- _Instructions for the task_: Would you retype the whole listing exactly, leaving its pictures out?

- _Data below_:

● ● ● ● ●

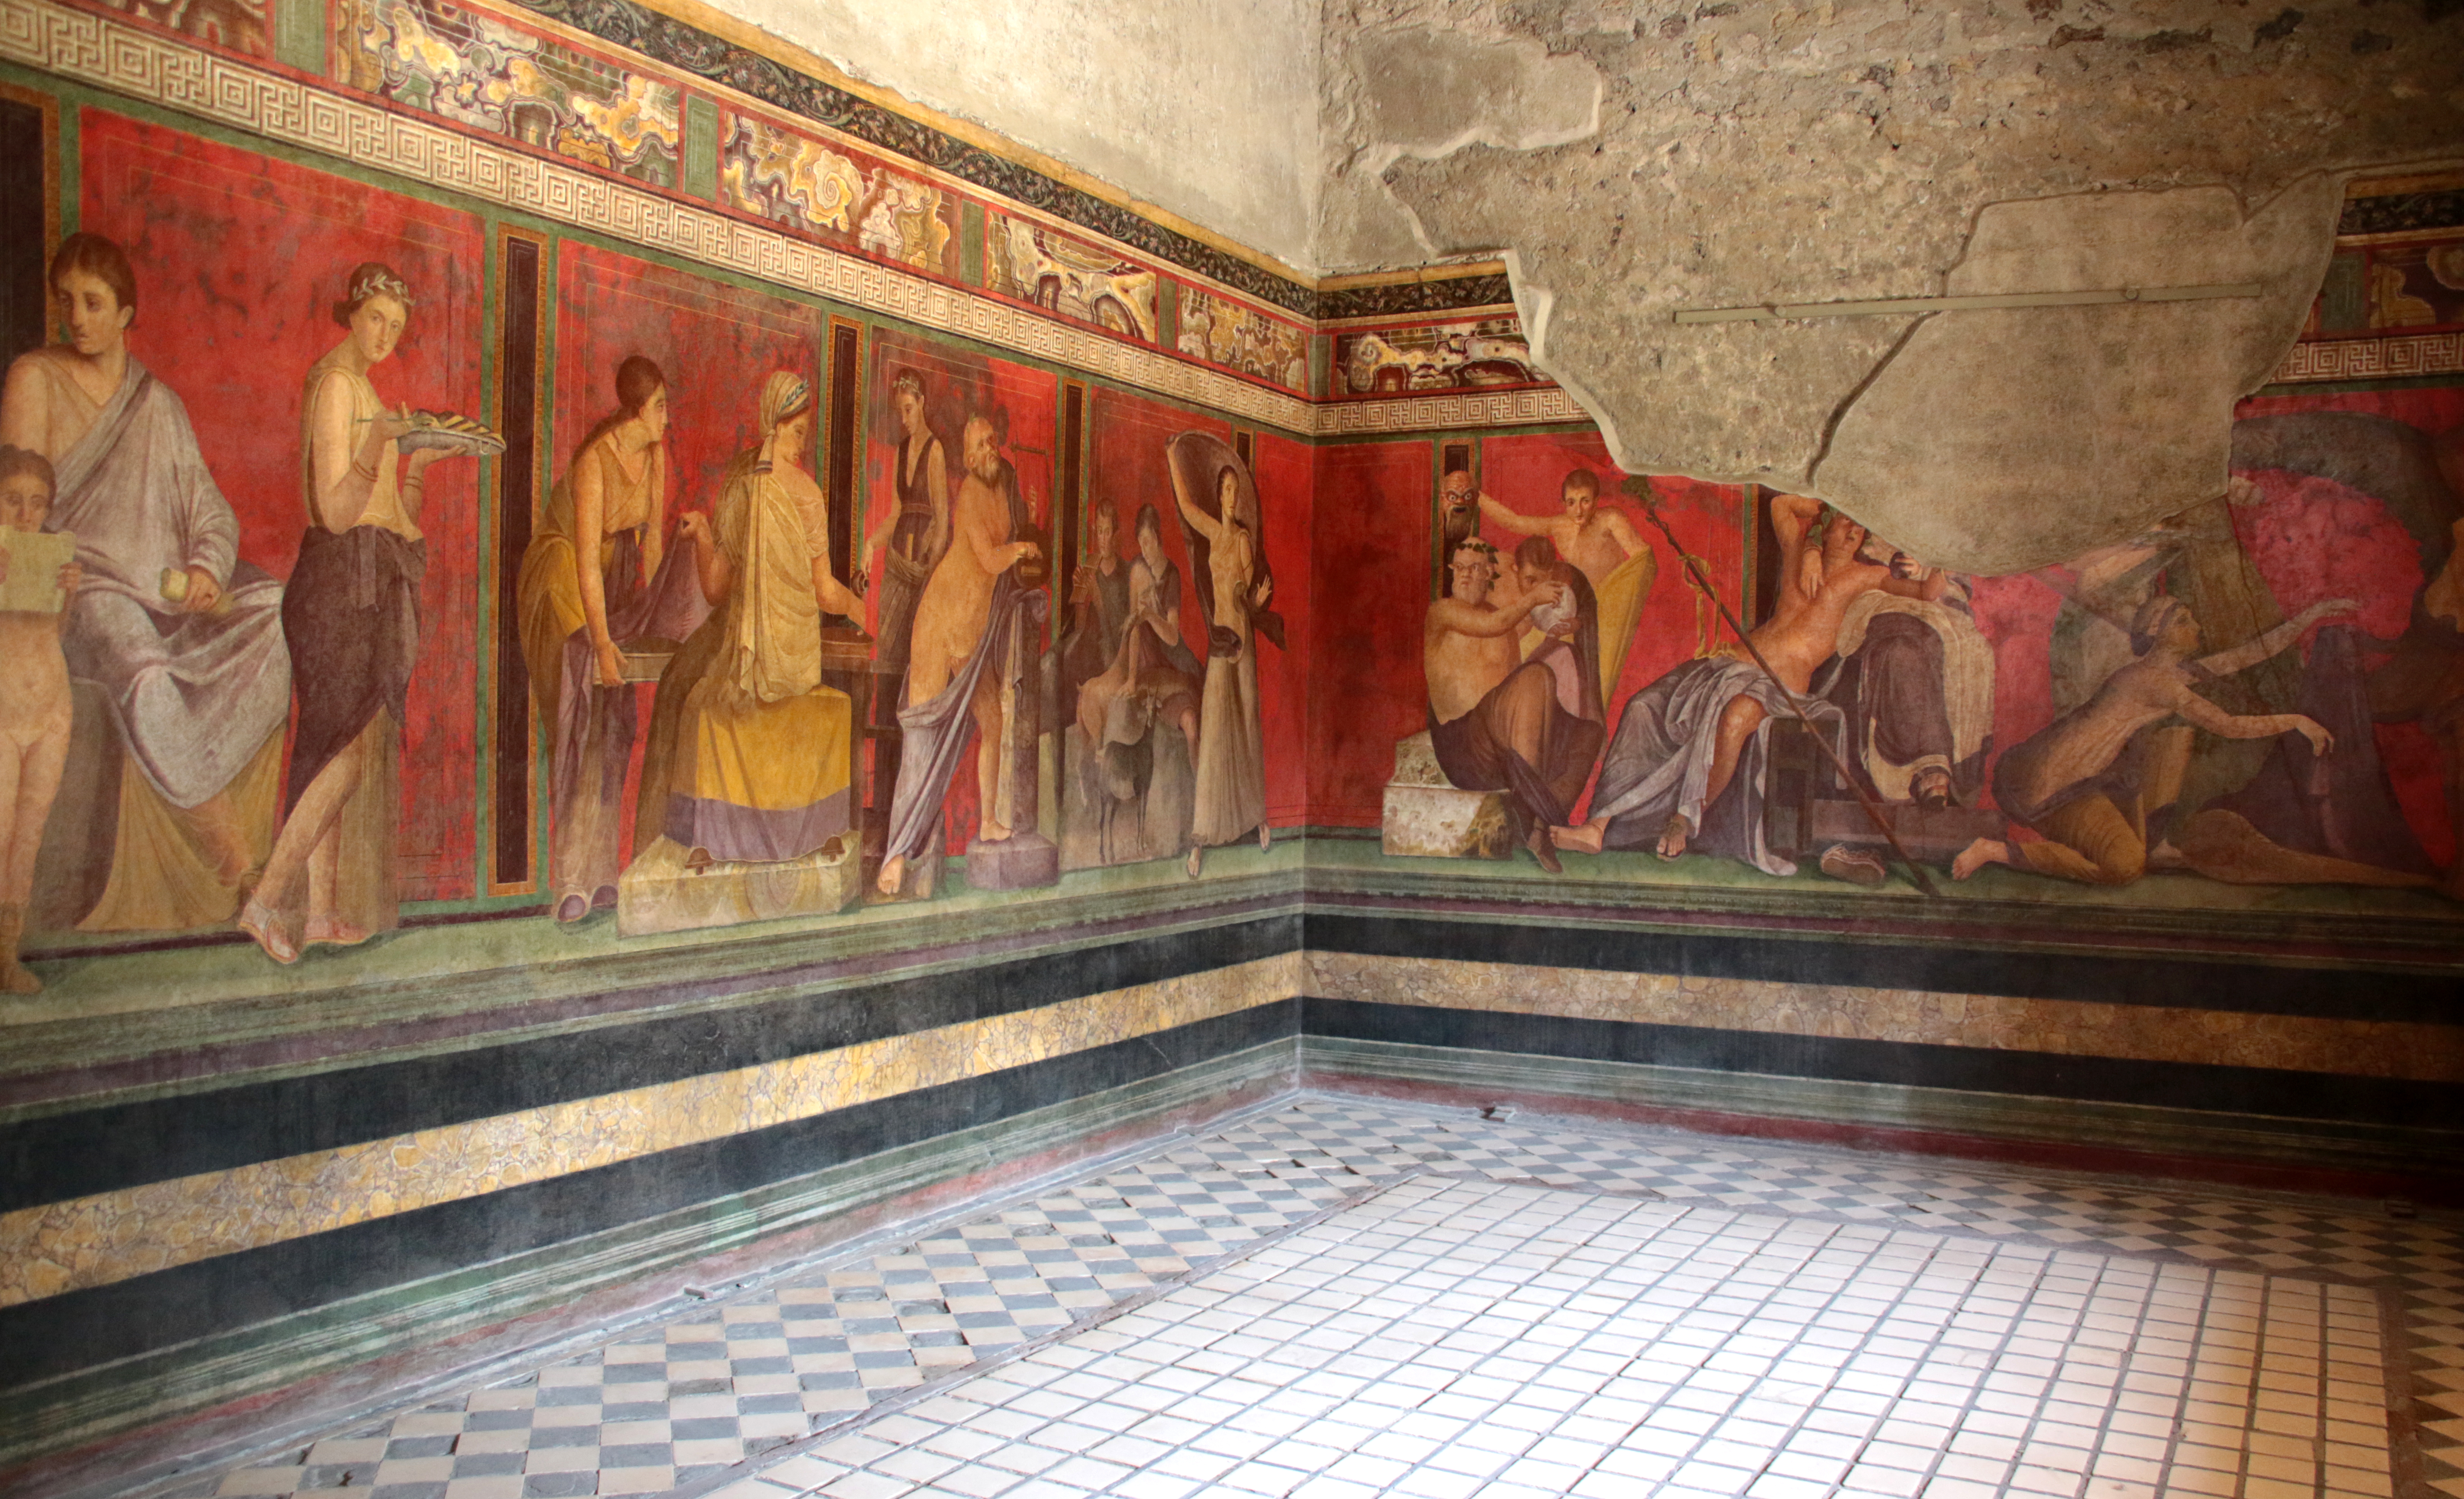 File:Villa dei Misteri - Pompei.jpg - Wikimedia Commons
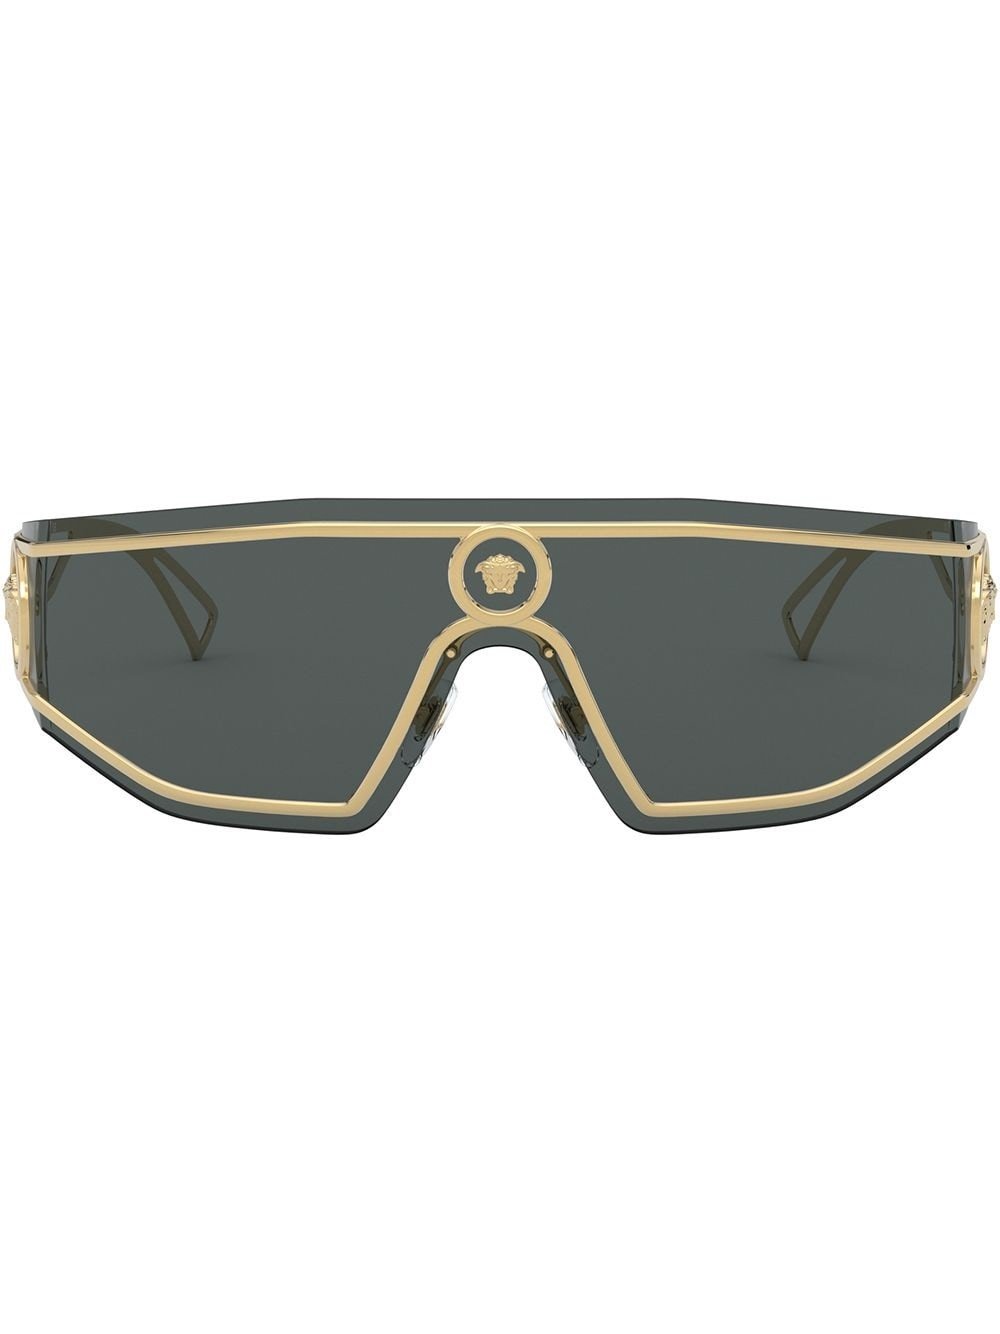 VERSACE VE2226 Metal Sunglasses - André Opticas
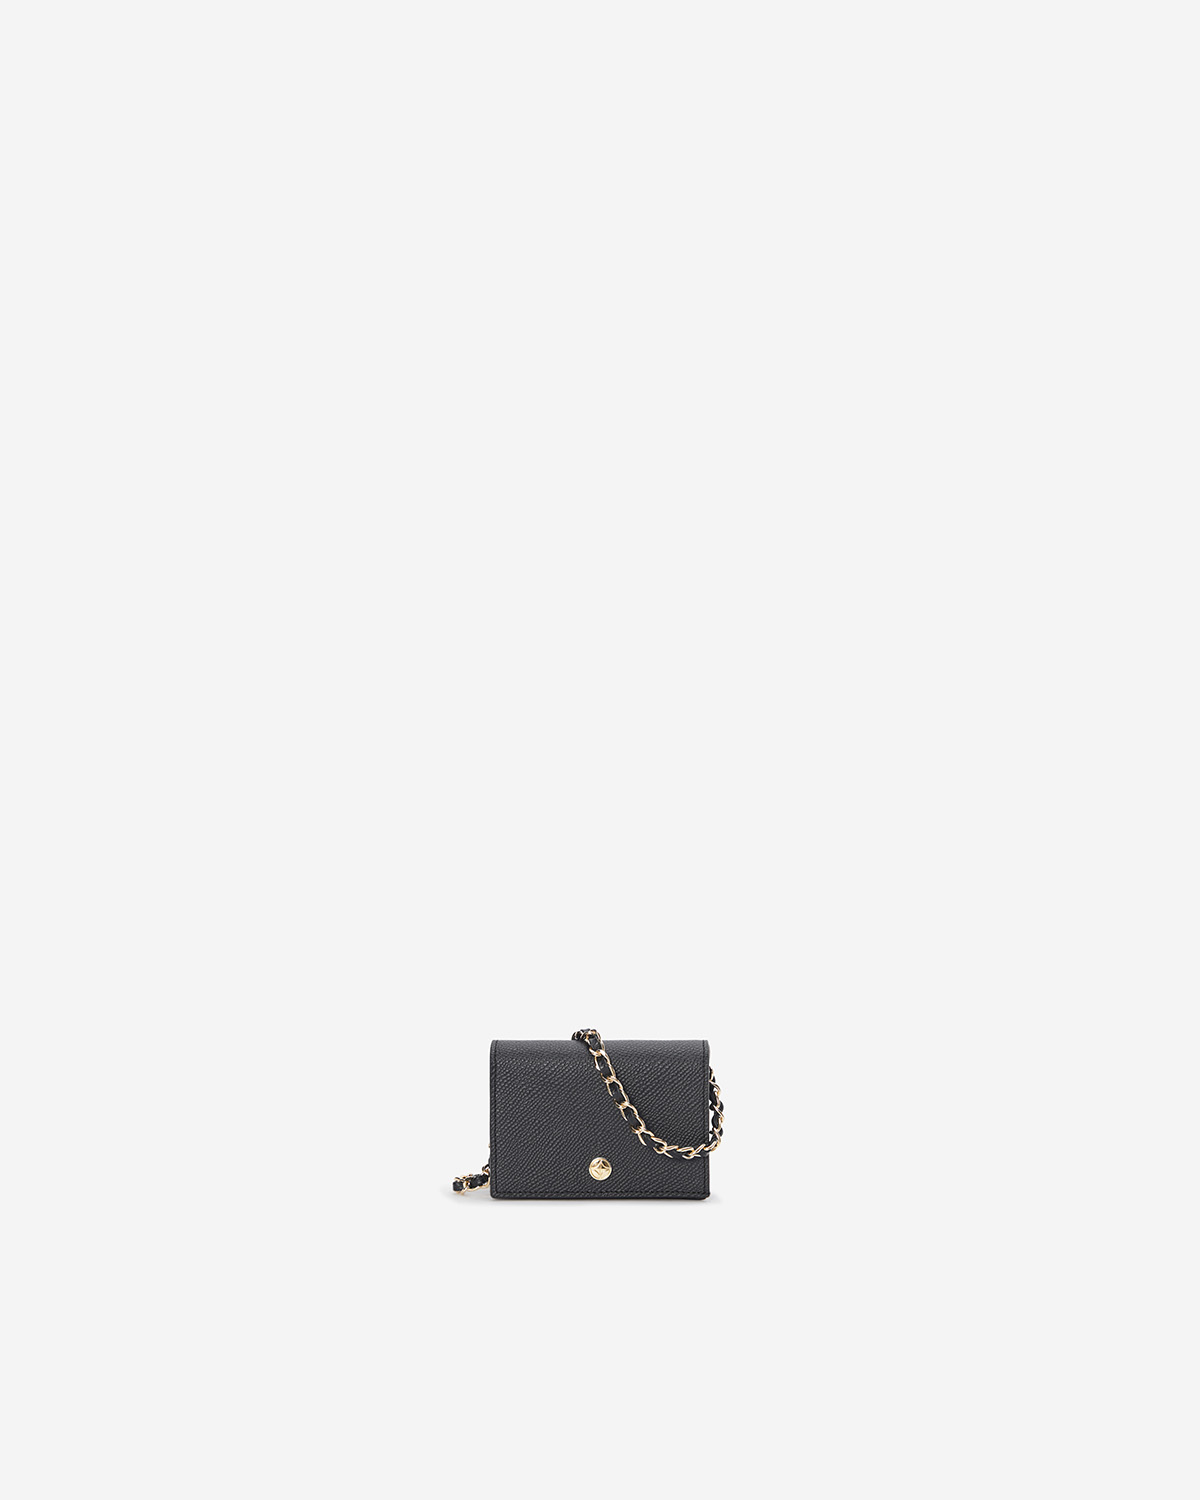 VERA Emily Flap Wallet with Leather Braided Gold Chain in Powerful Black กระเป๋าสตางค์หนังแท้ แบบเปิดฝา พร้อมสายโซ่สีทองร้อยหนัง สีดำ
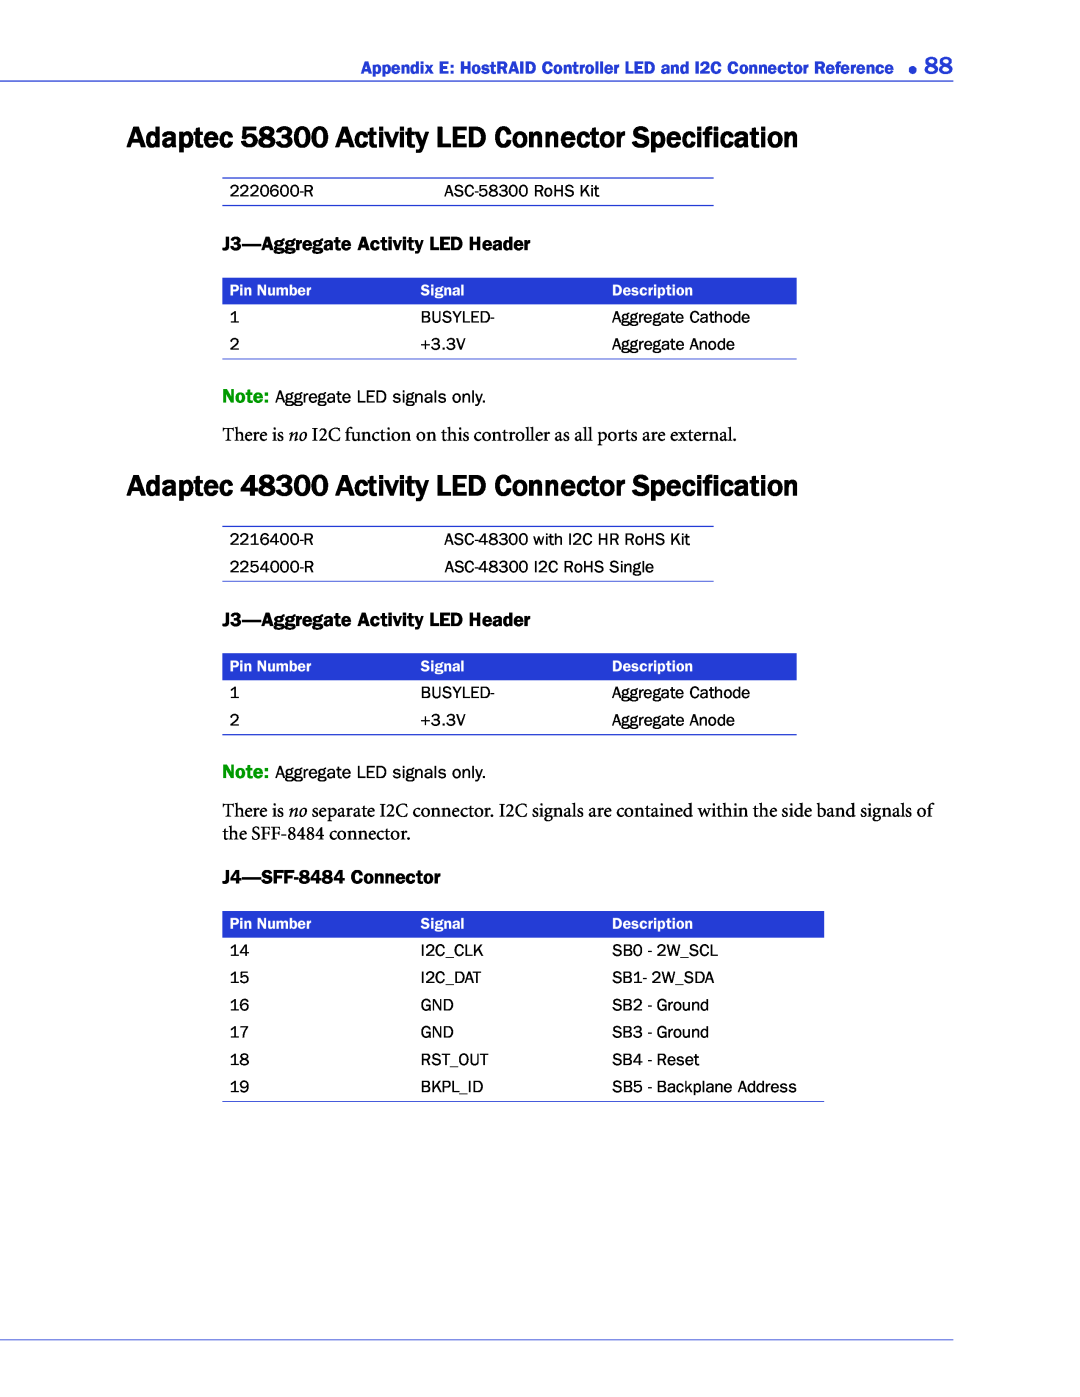 Adaptec 1220SA Adaptec 58300 Activity LED Connector Specification, Adaptec 48300 Activity LED Connector Specification

● ● ● ● ●

- _Worked solution_:
 File:Villa dei Misteri - Pompei.jpg - Wikimedia Commons
 VERSACE VE2226 Metal Sunglasses - André Opticas
 VERA Emily Flap Wallet with Leather Braided Gold Chain in Powerful Black กระเป๋าสตางค์หนังแท้ แบบเปิดฝา พร้อมสายโซ่สีทองร้อยหนัง สีดำ
 Adaptec 1220SA Adaptec 58300 Activity LED Connector Specification, Adaptec 48300 Activity LED Connector Specification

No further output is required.